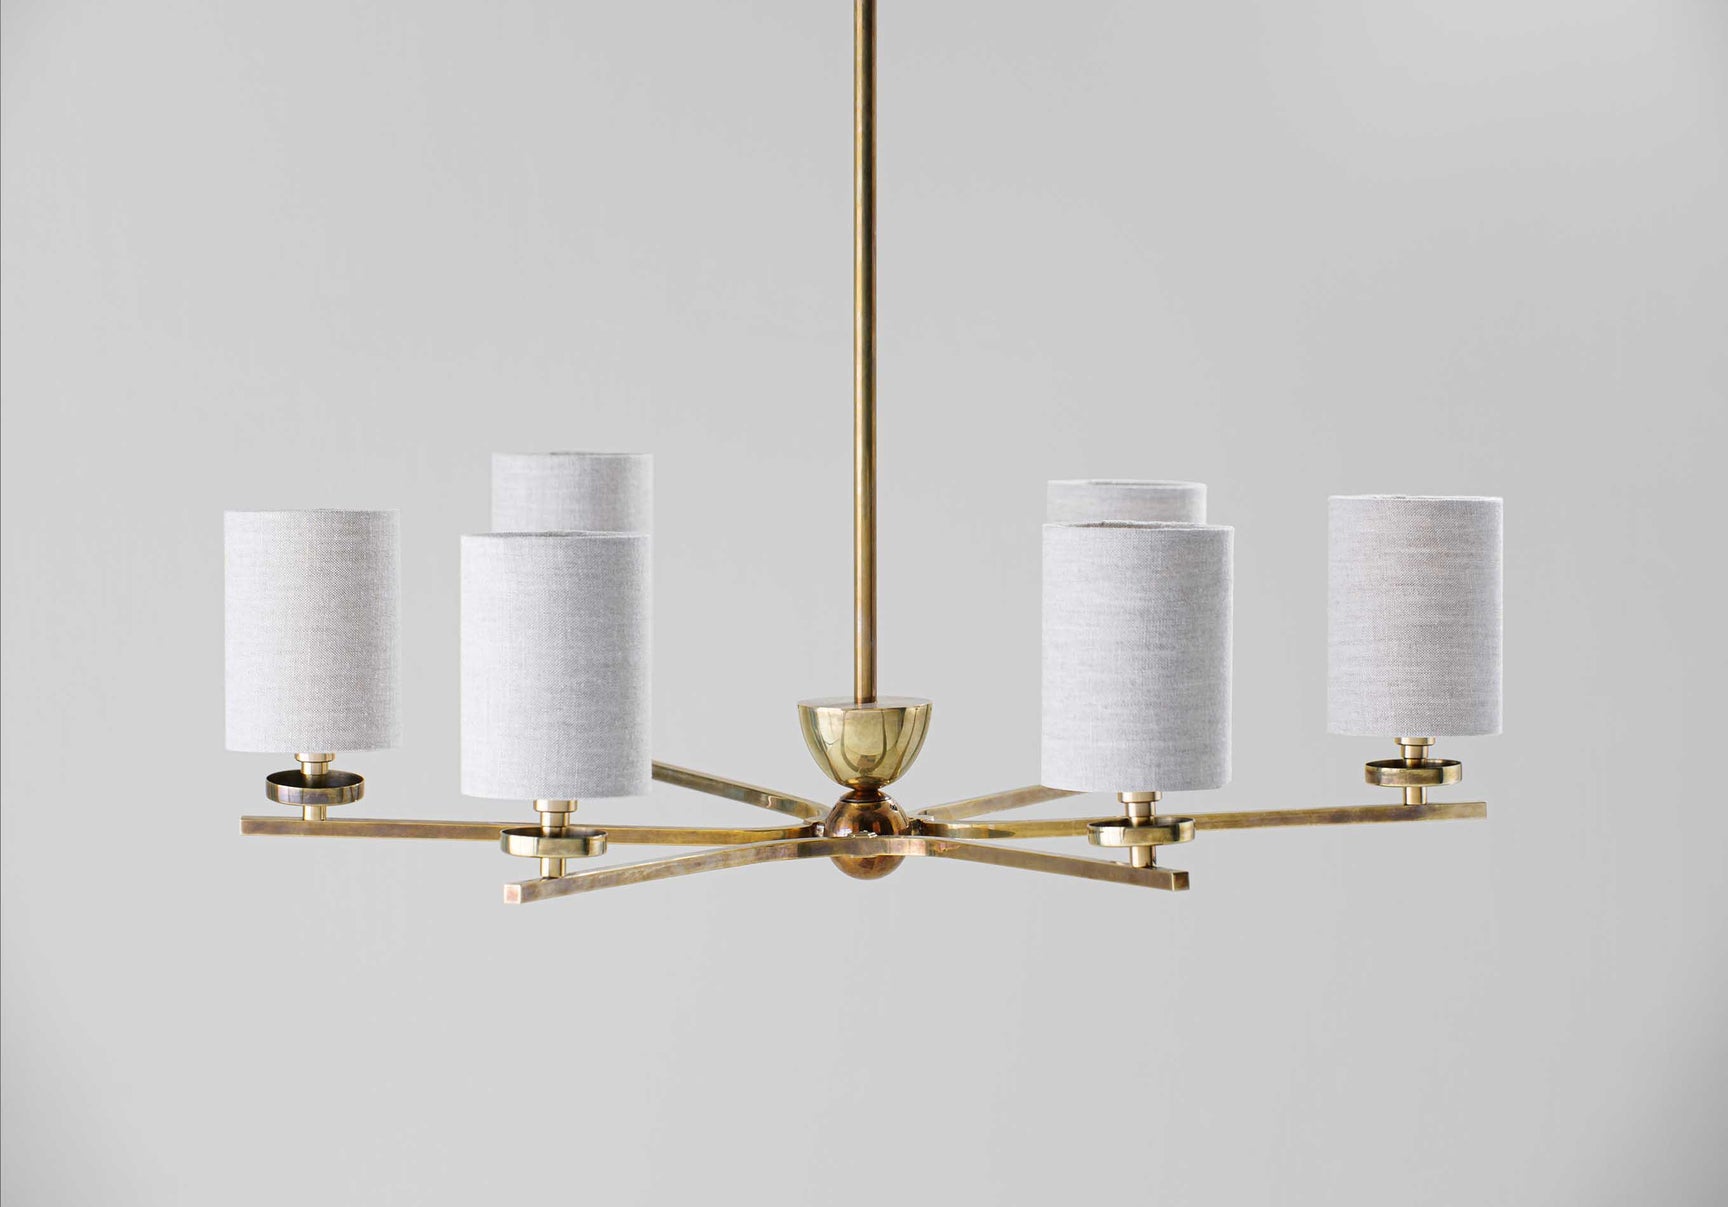 Antiqued Brass with 6 x 3.5" Top Hat lampshades in Natural Linen with Cream Card lining
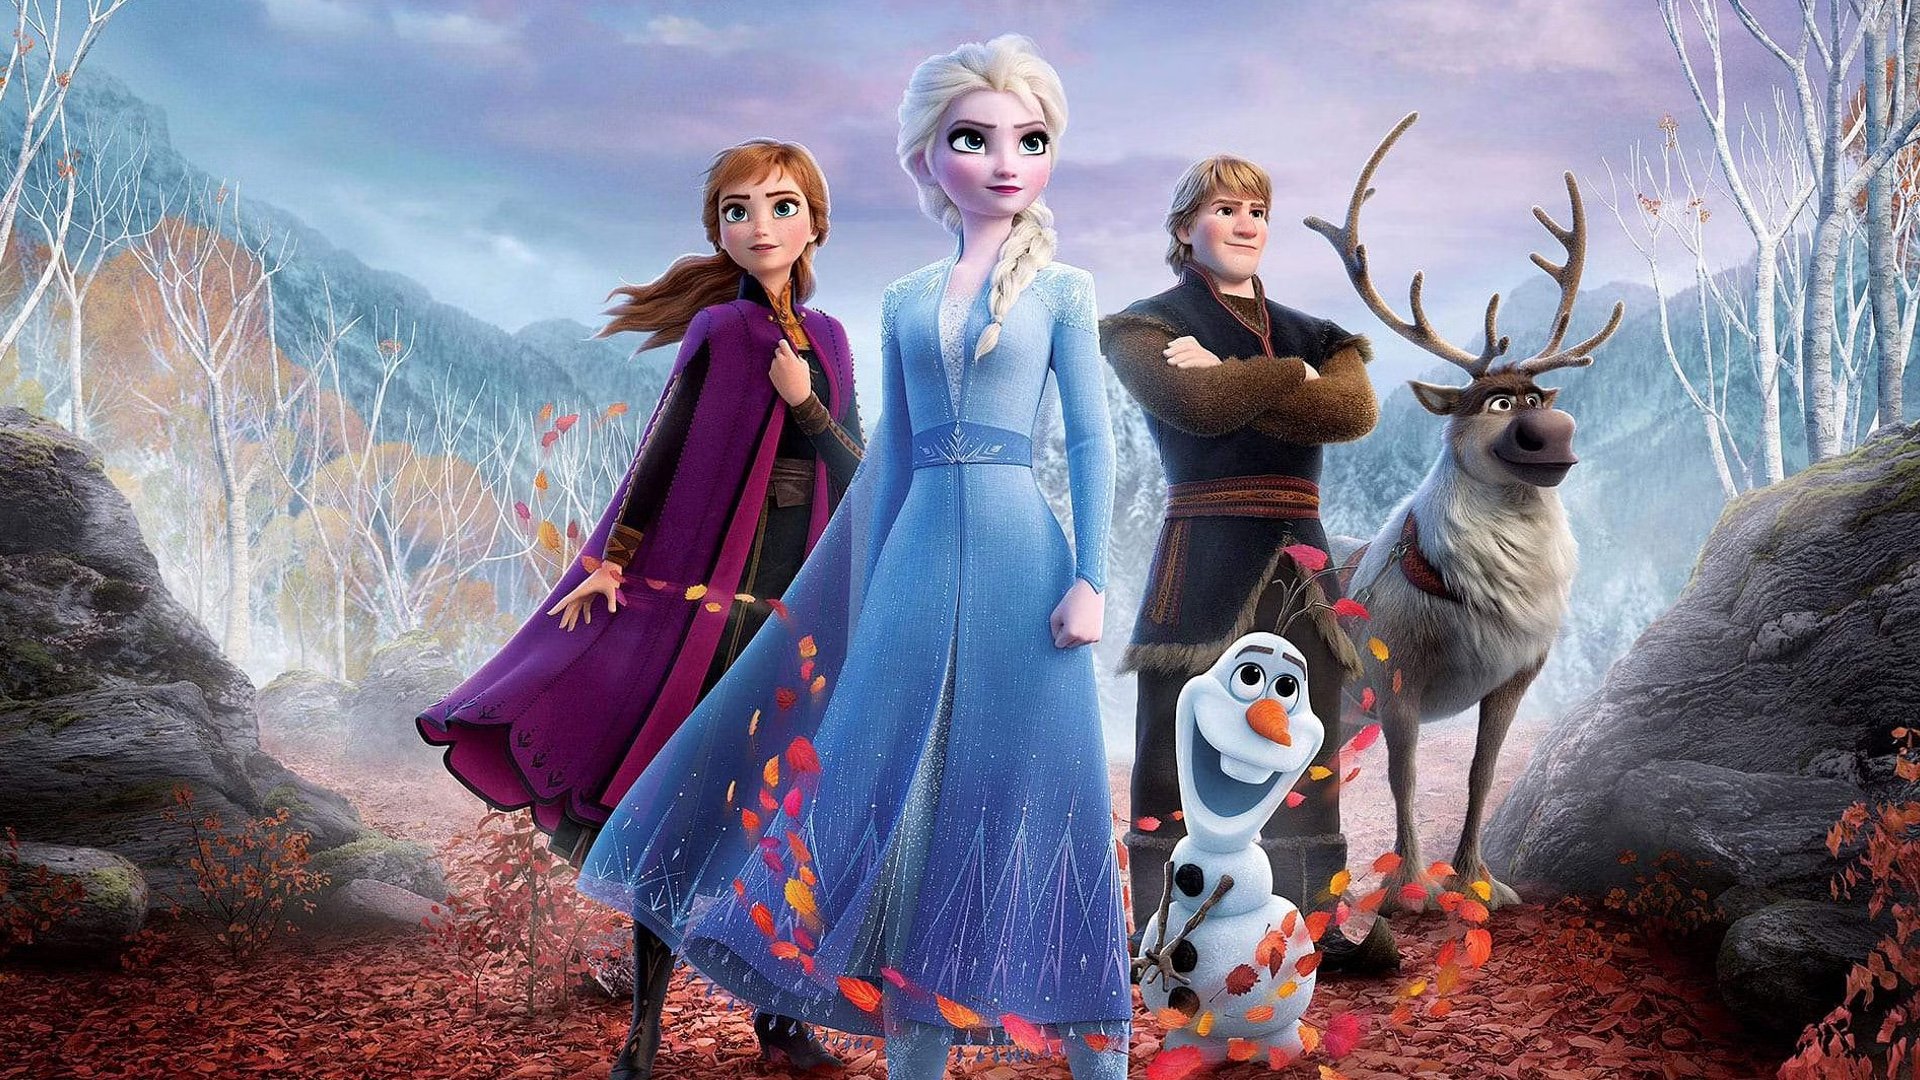 frozen: Frozen 4 Movie: All you may want to know - The Economic Times
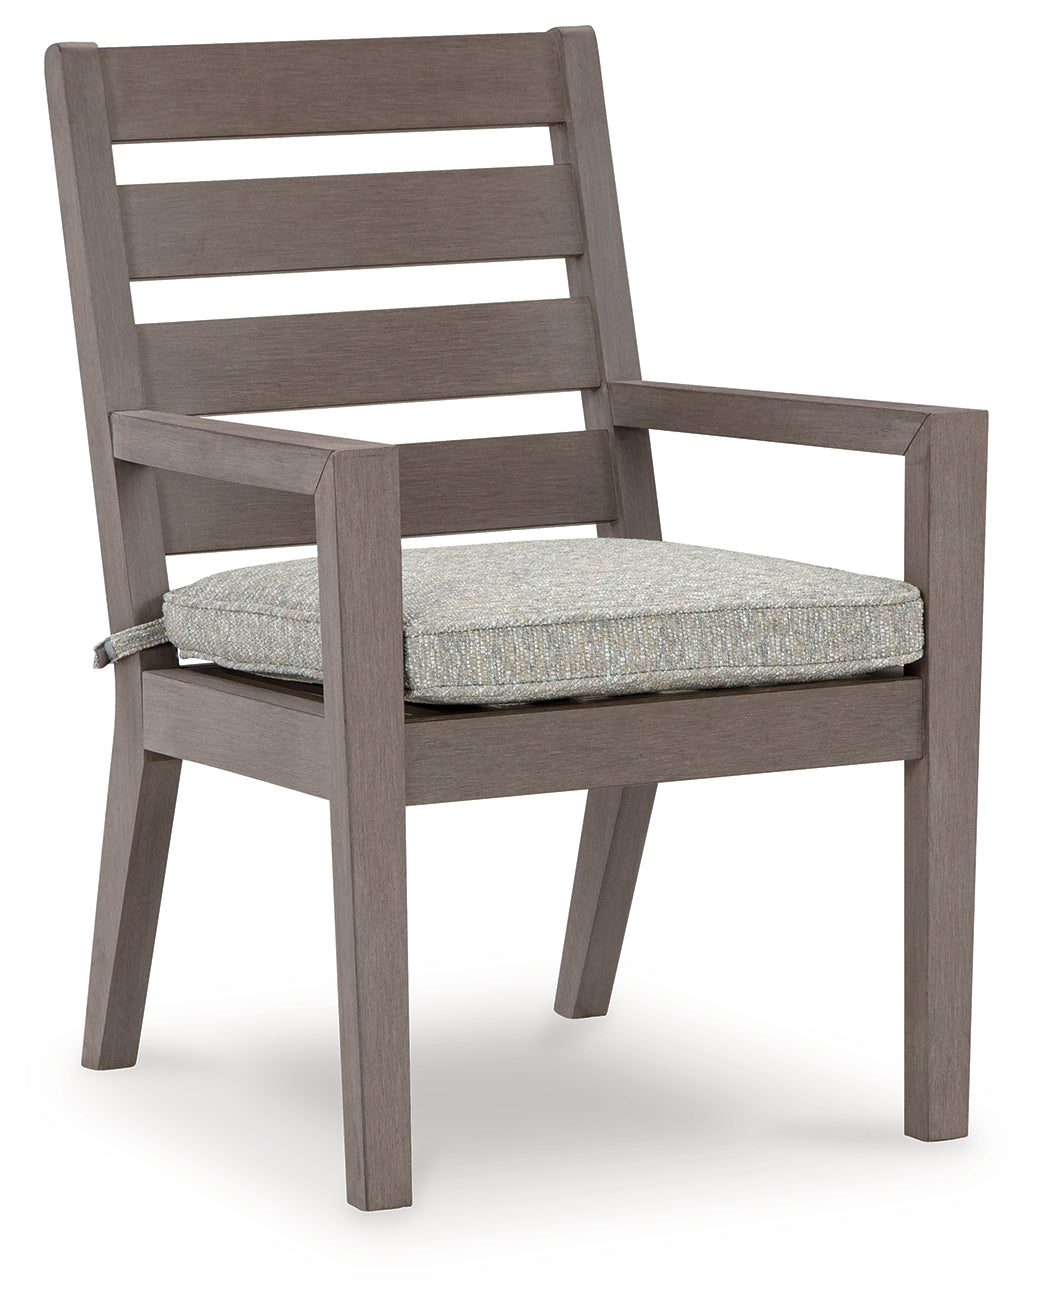 Hillside Barn Gray/Brown Outdoor Dining Arm Chair (Set of 2) - P564-601A - Luna Furniture
:::
=== WORK TO COMPLETE ===
Please set down the lines above word for word and leave out the pictures.

=== FINISHED TASK ===
 Antiqued Brass with 6 x 3.5" Top Hat lampshades in Natural Linen with Cream Card lining
 frozen: Frozen 4 Movie: All you may want to know - The Economic Times
 Hillside Barn Gray/Brown Outdoor Dining Arm Chair (Set of 2) - P564-601A - Luna Furniture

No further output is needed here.